Climate data for Xingwen, elevation 367 m (1,204 ft), (1991–2020 normals, extremes 1981–present)
| Month | Jan | Feb | Mar | Apr | May | Jun | Jul | Aug | Sep | Oct | Nov | Dec | Year |
| Record high °C (°F) | 20.7 (69.3) | 27.4 (81.3) | 36.9 (98.4) | 35.3 (95.5) | 39.8 (103.6) | 39.7 (103.5) | 40.9 (105.6) | 42.7 (108.9) | 41.4 (106.5) | 34.9 (94.8) | 27.8 (82.0) | 21.1 (70.0) | 42.7 (108.9) |
| Mean daily maximum °C (°F) | 10.5 (50.9) | 13.7 (56.7) | 18.7 (65.7) | 24.3 (75.7) | 27.5 (81.5) | 29.3 (84.7) | 32.7 (90.9) | 32.7 (90.9) | 27.6 (81.7) | 21.5 (70.7) | 17.4 (63.3) | 11.8 (53.2) | 22.3 (72.2) |
| Daily mean °C (°F) | 7.7 (45.9) | 10.1 (50.2) | 14.2 (57.6) | 19.0 (66.2) | 22.2 (72.0) | 24.4 (75.9) | 27.2 (81.0) | 27.0 (80.6) | 23.0 (73.4) | 18.0 (64.4) | 13.9 (57.0) | 9.0 (48.2) | 18.0 (64.4) |
| Mean daily minimum °C (°F) | 5.8 (42.4) | 7.7 (45.9) | 11.1 (52.0) | 15.4 (59.7) | 18.4 (65.1) | 21.1 (70.0) | 23.4 (74.1) | 23.1 (73.6) | 20.1 (68.2) | 15.9 (60.6) | 11.7 (53.1) | 7.2 (45.0) | 15.1 (59.1) |
| Record low °C (°F) | −0.8 (30.6) | 0.0 (32.0) | 3.2 (37.8) | 6.0 (42.8) | 10.1 (50.2) | 15.0 (59.0) | 17.4 (63.3) | 18.0 (64.4) | 13.1 (55.6) | 8.2 (46.8) | 1.8 (35.2) | −1.6 (29.1) | −1.6 (29.1) |
| Average precipitation mm (inches) | 35.0 (1.38) | 30.2 (1.19) | 50.8 (2.00) | 81.9 (3.22) | 118.7 (4.67) | 176.1 (6.93) | 181.9 (7.16) | 188.3 (7.41) | 112.5 (4.43) | 90.0 (3.54) | 40.2 (1.58) | 34.3 (1.35) | 1,139.9 (44.86) |
| Average precipitation days (≥ 0.1 mm) | 17.2 | 13.3 | 14.7 | 14.0 | 15.9 | 18.0 | 14.4 | 12.7 | 15.5 | 20.1 | 14.6 | 15.3 | 185.7 |
| Average snowy days | 0.2 | 0.1 | 0 | 0 | 0 | 0 | 0 | 0 | 0 | 0 | 0 | 0.1 | 0.4 |
| Average relative humidity (%) | 85 | 81 | 78 | 76 | 76 | 81 | 79 | 78 | 83 | 87 | 85 | 86 | 81 |
| Mean monthly sunshine hours | 30.9 | 42.4 | 80.6 | 111.7 | 111.1 | 98.7 | 167.1 | 169.4 | 95.5 | 47.7 | 48.2 | 30.2 | 1,033.5 |
| Percentage possible sunshine | 9 | 13 | 22 | 29 | 26 | 24 | 40 | 42 | 26 | 14 | 15 | 9 | 22 |
Source: China Meteorological Administration

== Cuisine ==
Xingwen Black-boned Chicken Feast: The Xingwen Black-boned Chicken Feast uses Xingwen Mountain Black-boned Chicken, a national geographical indication product, as its main ingredient.

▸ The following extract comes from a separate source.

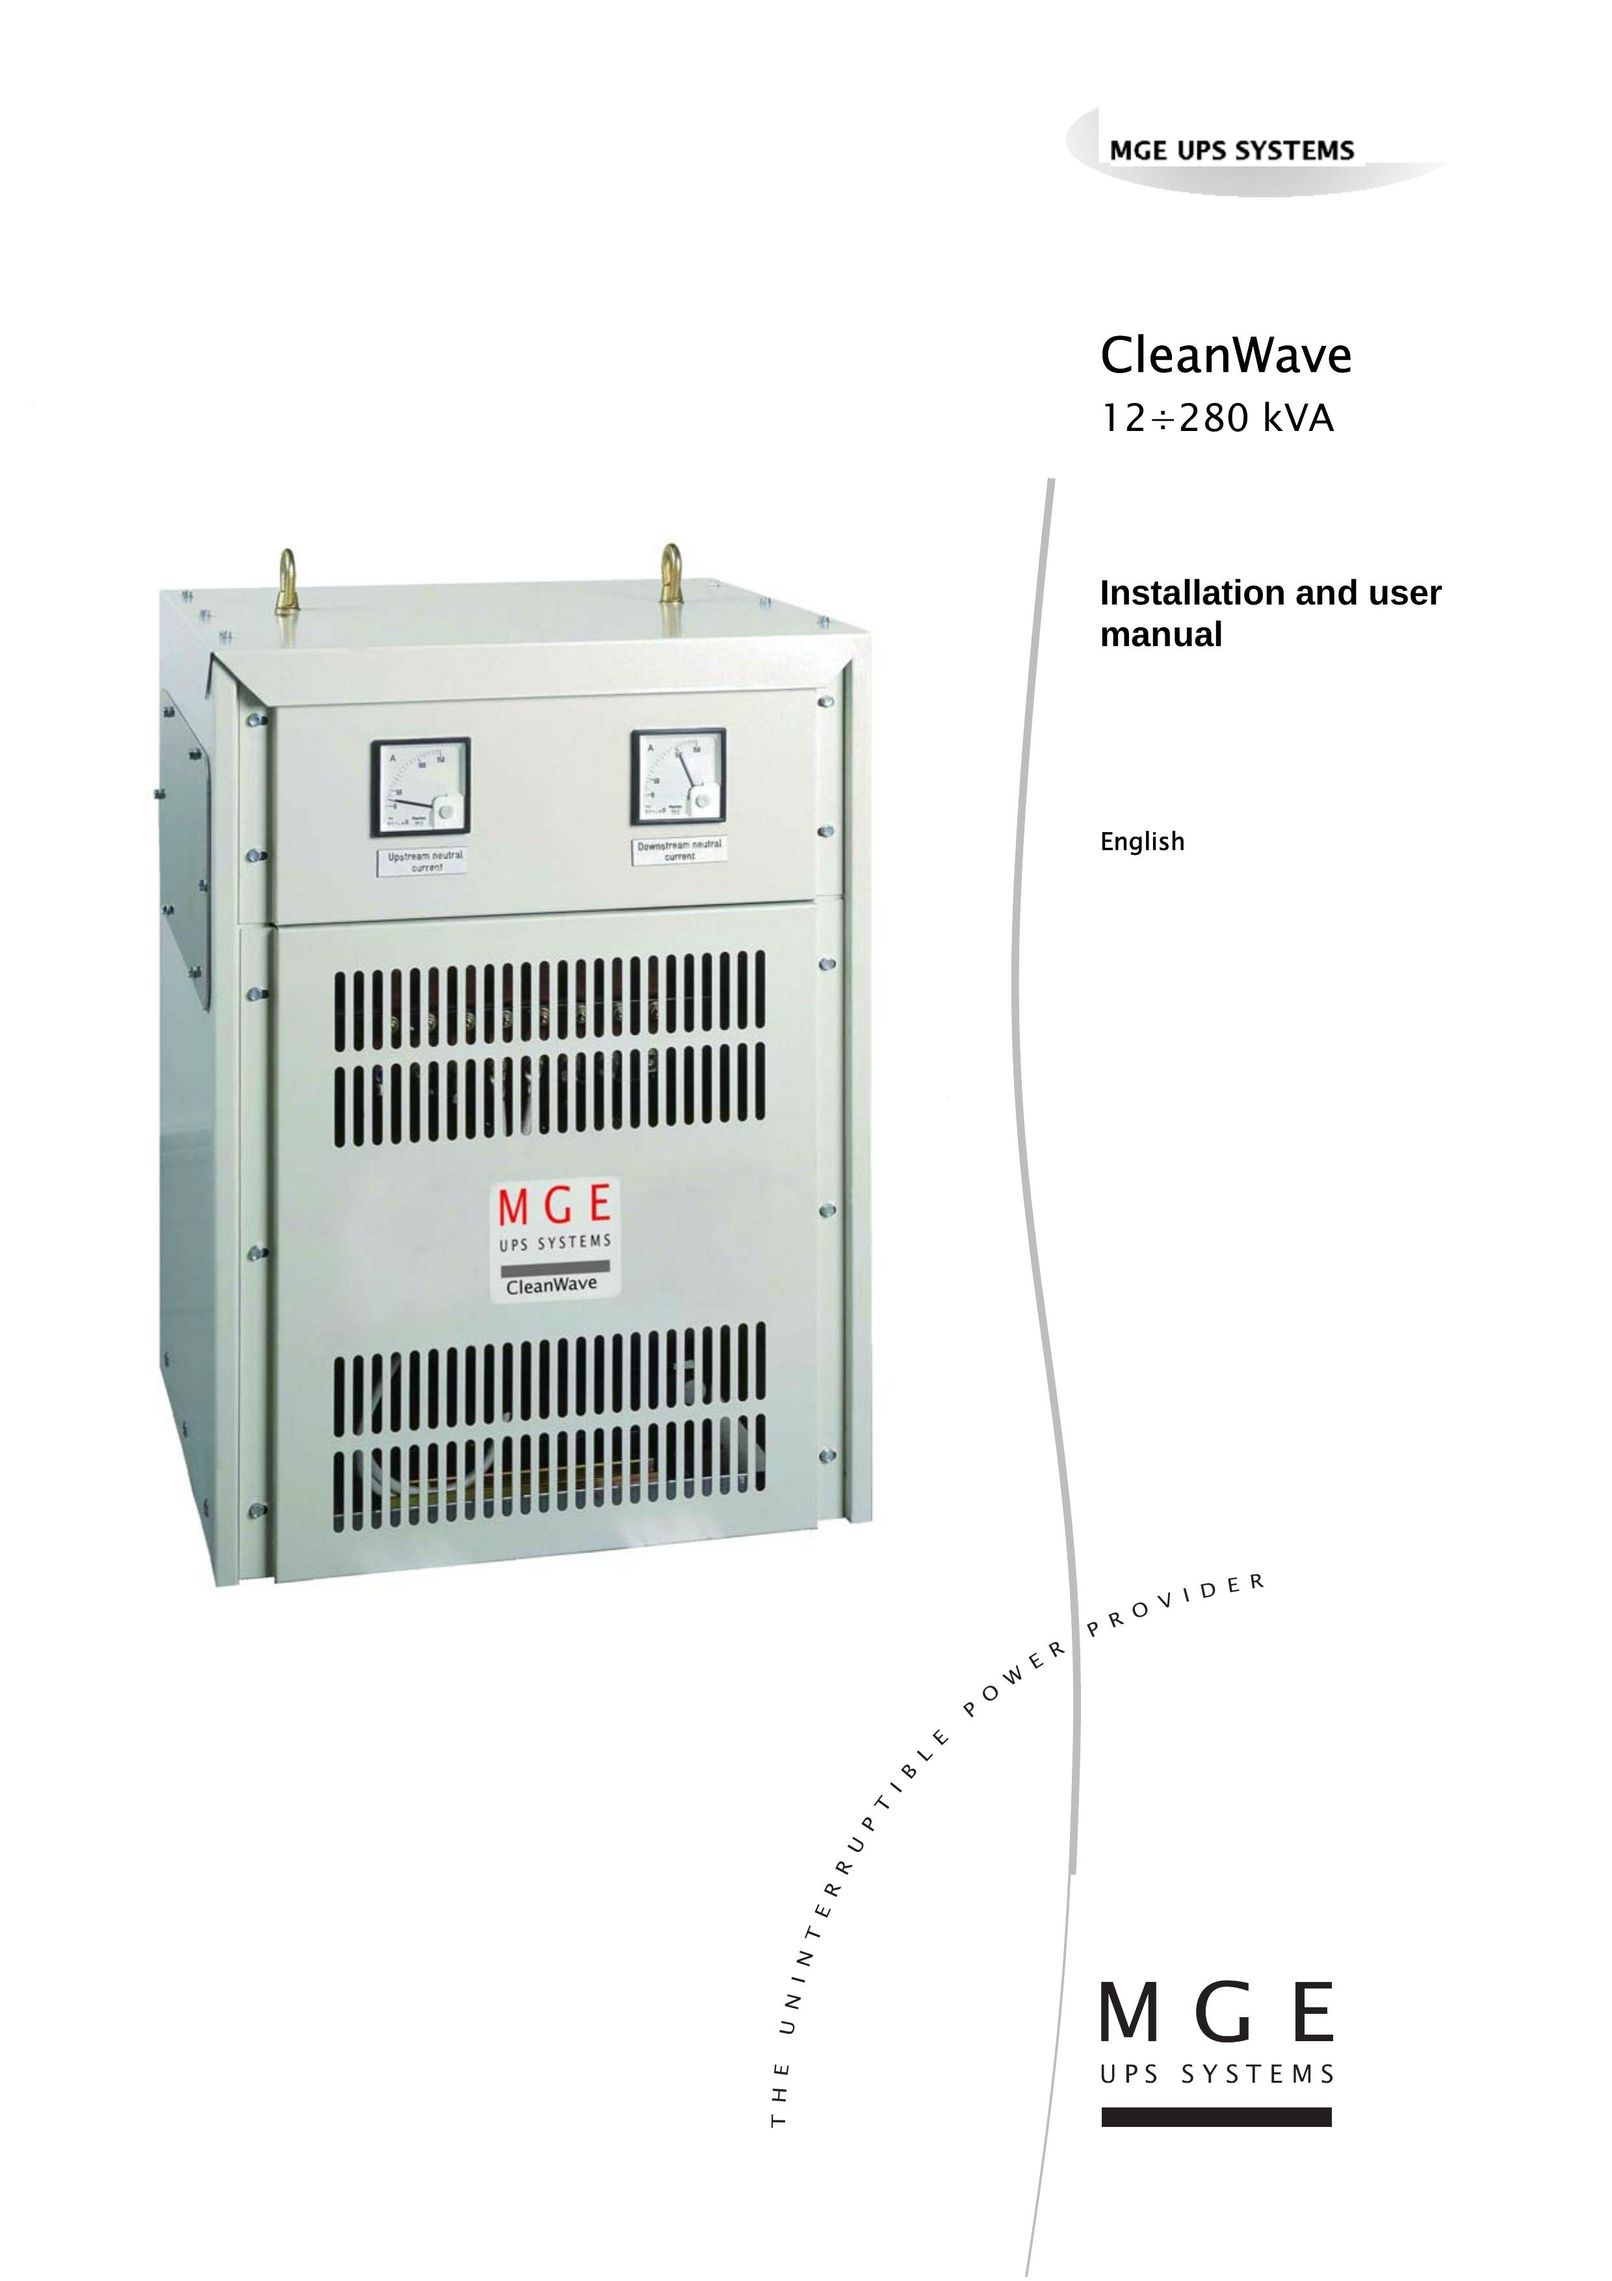 MGE UPS Systems 12280 kVA Power Supply User Manual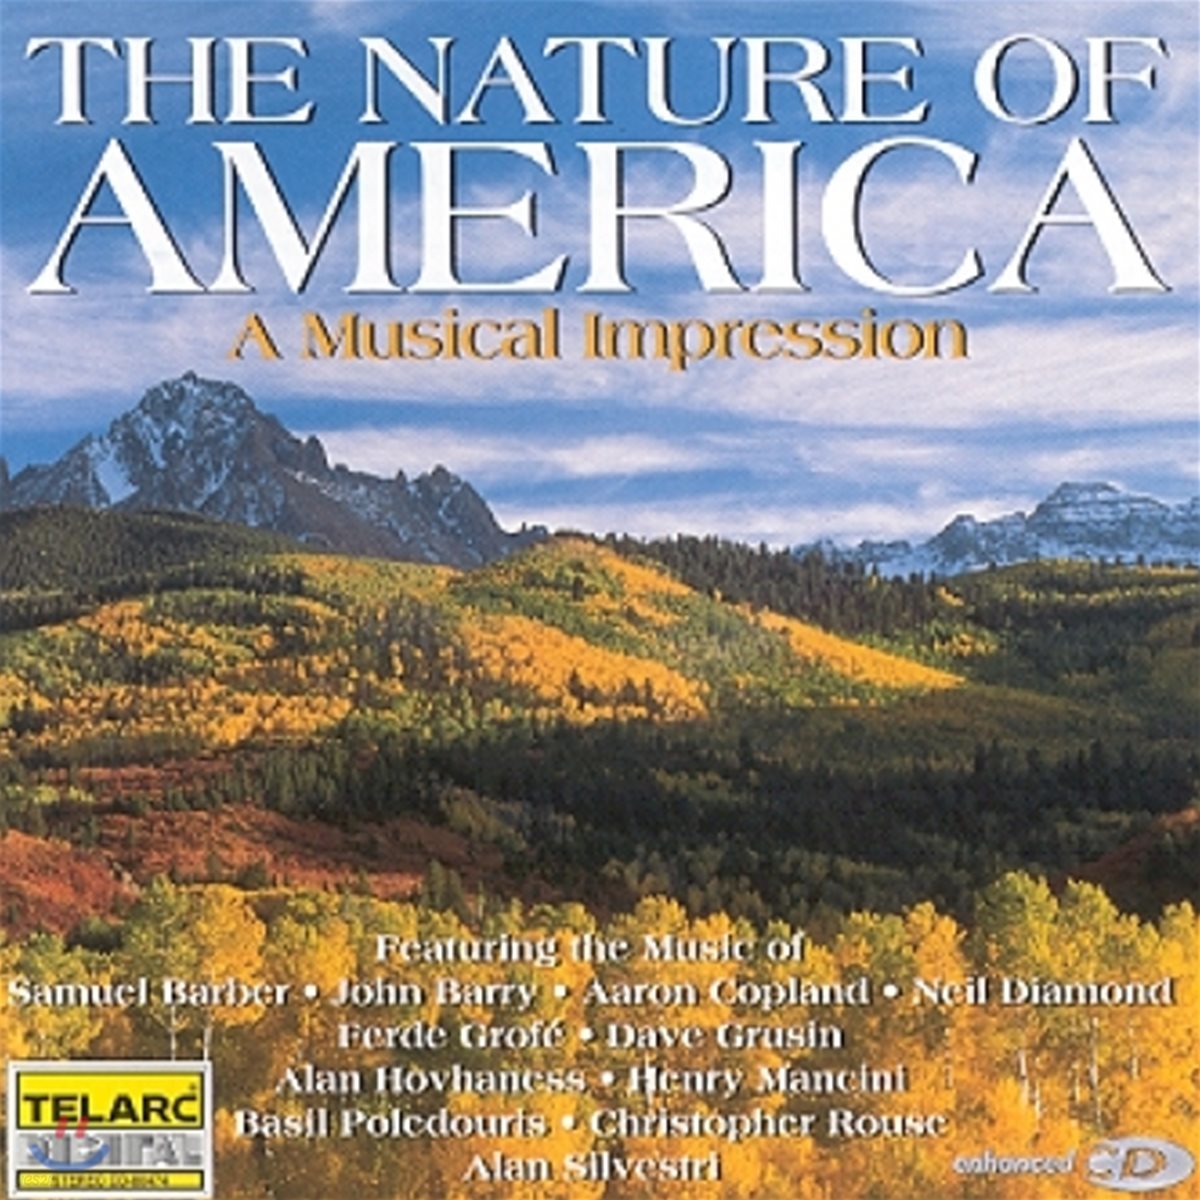 아메리카의 자연 - 어 뮤지컬 임프레션 (The Nature of America - A Musical Impression)

Xingwen Liu's Wontons: Liu's wontons are characterized by their large size, smooth texture, refreshing taste, and fragrant aroma. When cooked, the broth is clear, and the wonton wrappers are thin and translucent.